[mpich-discuss] How locking on multi-VCI works

Mon Dec 6 13:39:34 CST 2021

Guilherme,

With mpich-4.0b1, you can try building mpich using --with-ch4-vci-method=implicit. In addition, try pass "mpi_assert_no_any_tag" info hint during comm creation. That will allow mpich to distribute operations with different tags even within the same communicator to different VCIs, again, in a hashing fashion.

This feature is in the experimental stage, please file GitHub issues if you encounter problems.
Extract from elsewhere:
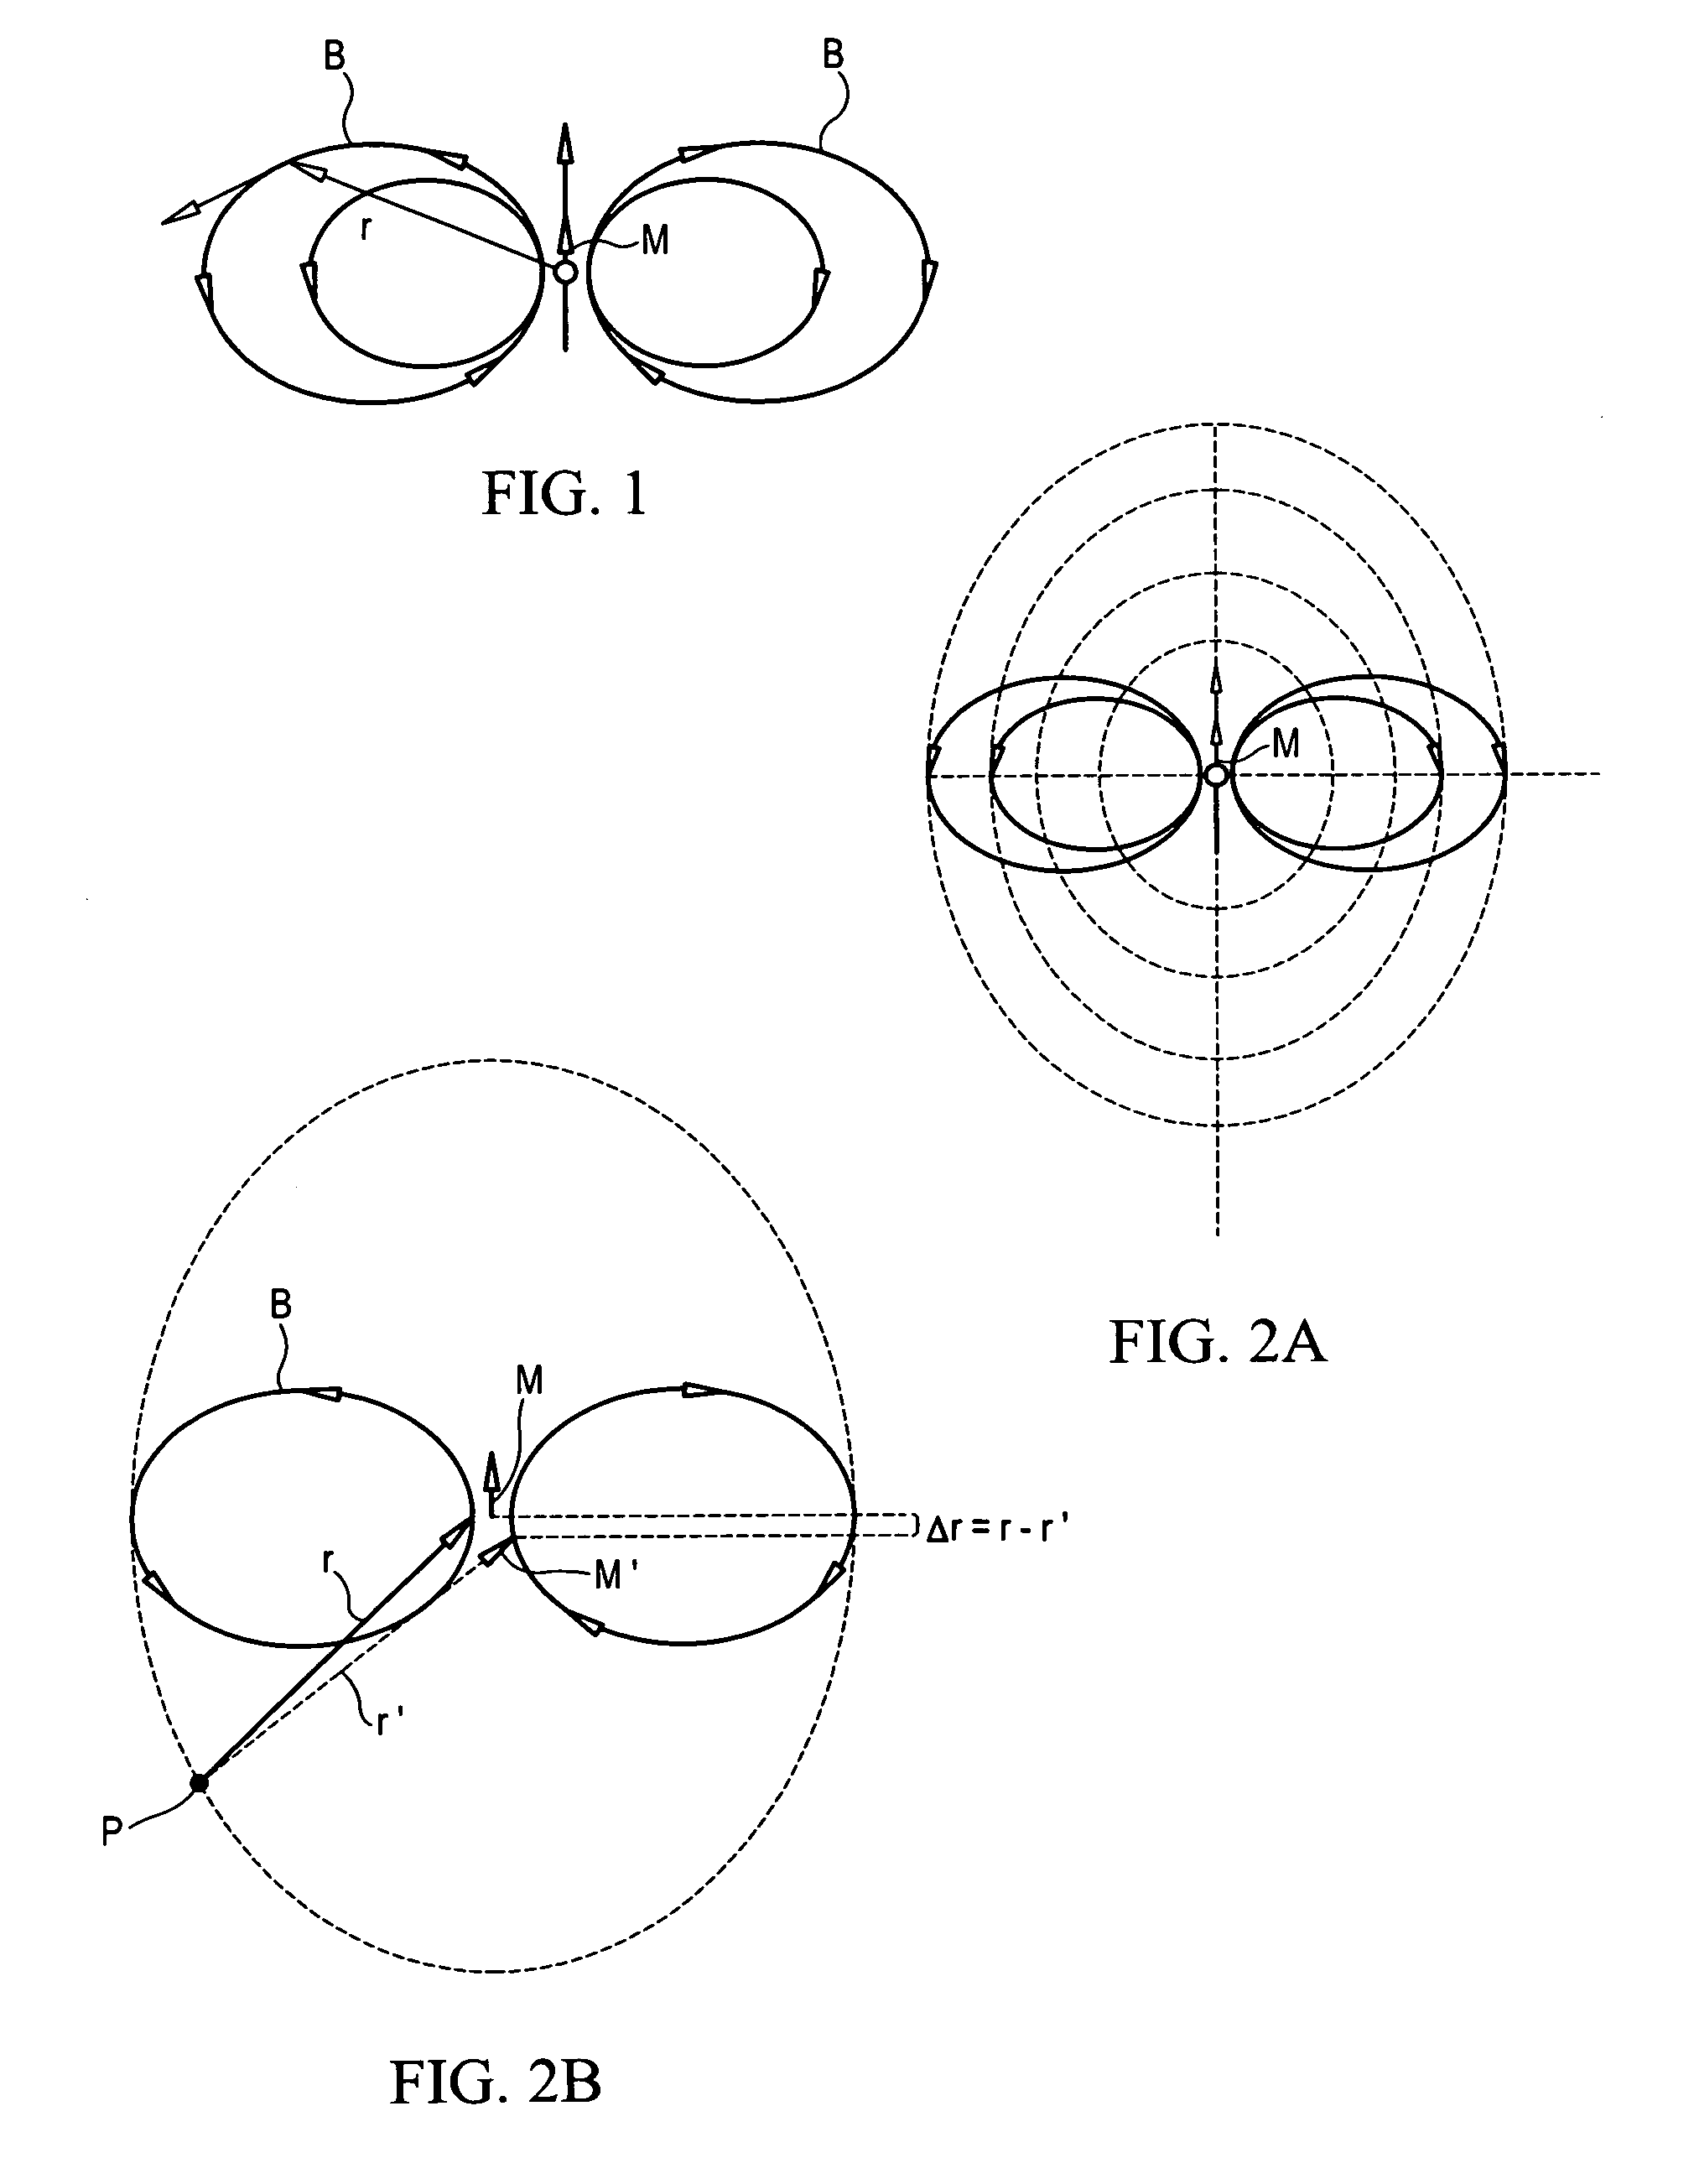 Magnetic anomaly surveillance system using spherical trilateration

It is also possible to explicitly specify which VCI you would like to use for arbitrary individual pt2pt communication by embedding the vci information in the tag. This feature is not exactly standard-conforming, thus we are only using it for experimental purposes. You'll need to edit src/mpid/ch4/src/ch4_vci.h and remove the line "#error MPICH_VCI__TAG not implemented." to enable it. With the tag method, tags are restricted to 15bits, the highest 5 bits designate source vci, the middle 5 bits designate destination vci, and the last 5 bits for user-defined purposes. The drawback, of course, is you will have much-reduced tag space for application logic.
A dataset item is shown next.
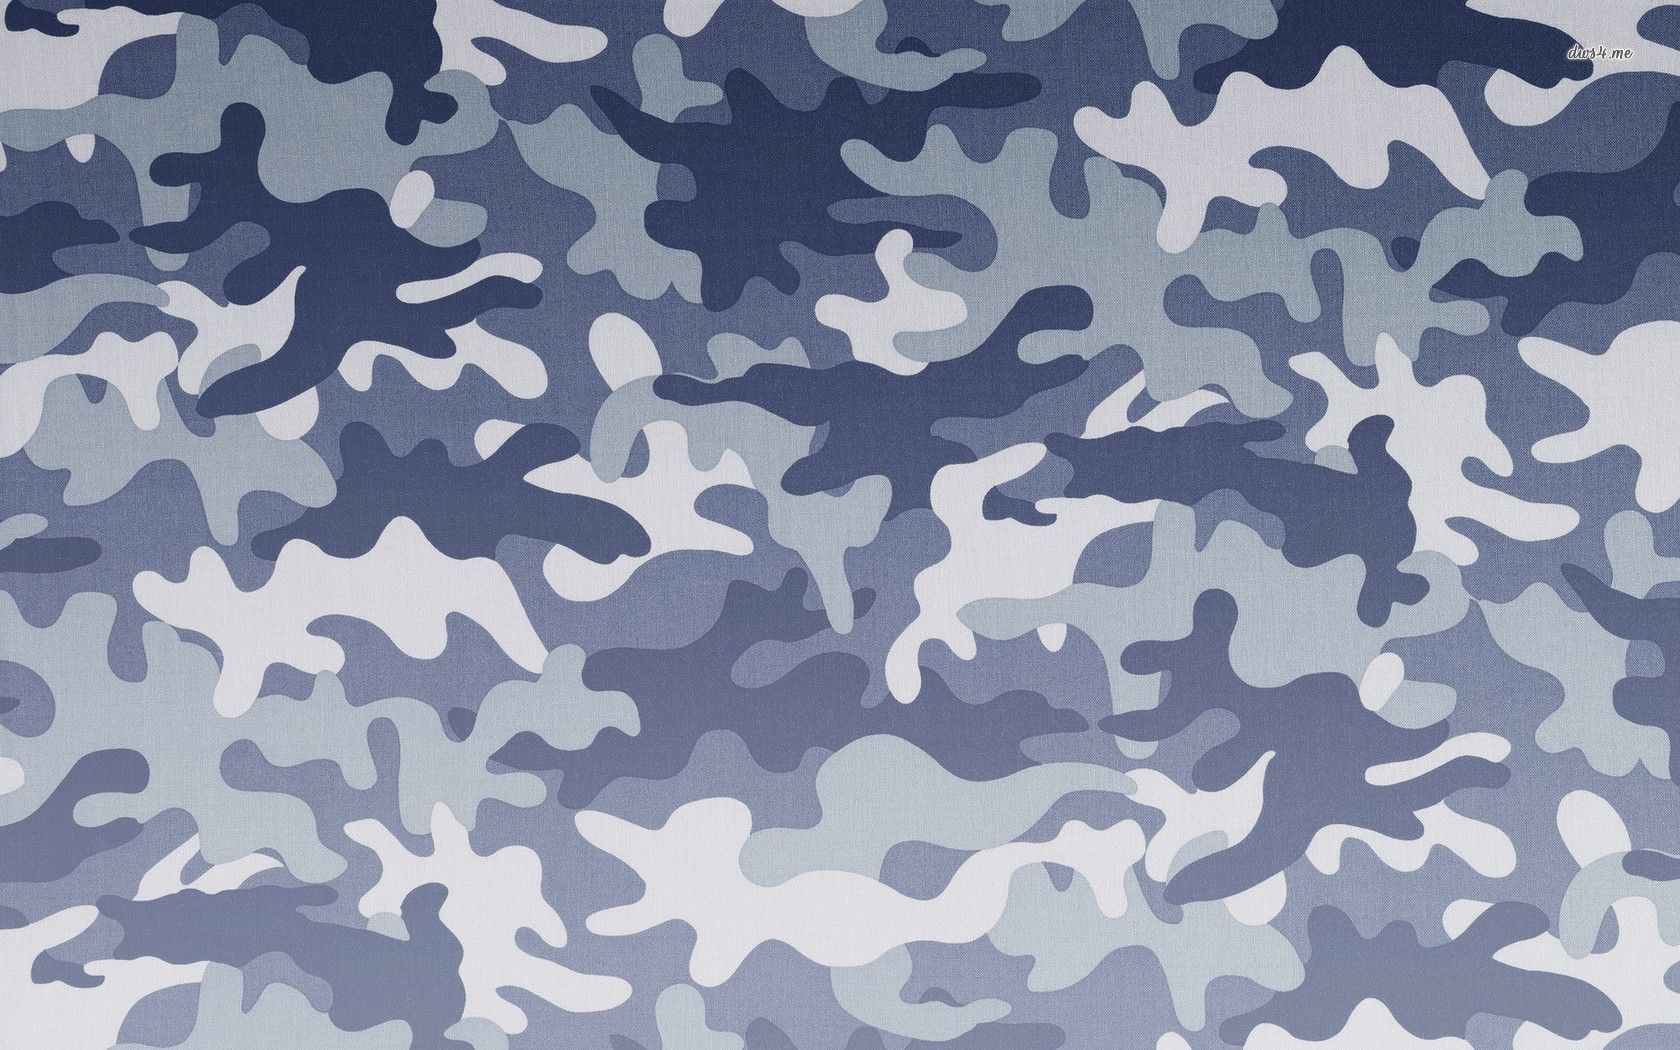 Camouflage pattern wallpaper - Abstract wallpapers - #12016

Both the communicator, implicit, or tag vci-methods are MPI standard conformant, so you can use it with any MPI implementations without breaking your applications. But the actual performance of course will depend on the implementation.

--
Hui Zhou
________________________________
From: Guilherme Valarini <guilherme.a.valarini at gmail.com>
Sent: Monday, December 6, 2021 12:16 PM
To: Zhou, Hui <zhouh at anl.gov>
Cc: discuss at mpich.org <discuss at mpich.org>
Subject: Re: [mpich-discuss] How locking on multi-VCI works

Hello Zhou,

First of all, thanks for the help!

Let me explain a little bit my use case: my team and I have a distributed and multithreaded event system implemented on top of MPI, where multiple non-blocking MPI messages are exchanged between multiple nodes. Checking our internal performance traces, we saw that there was some contention happening at the MPI layer, especially when many threads were being used.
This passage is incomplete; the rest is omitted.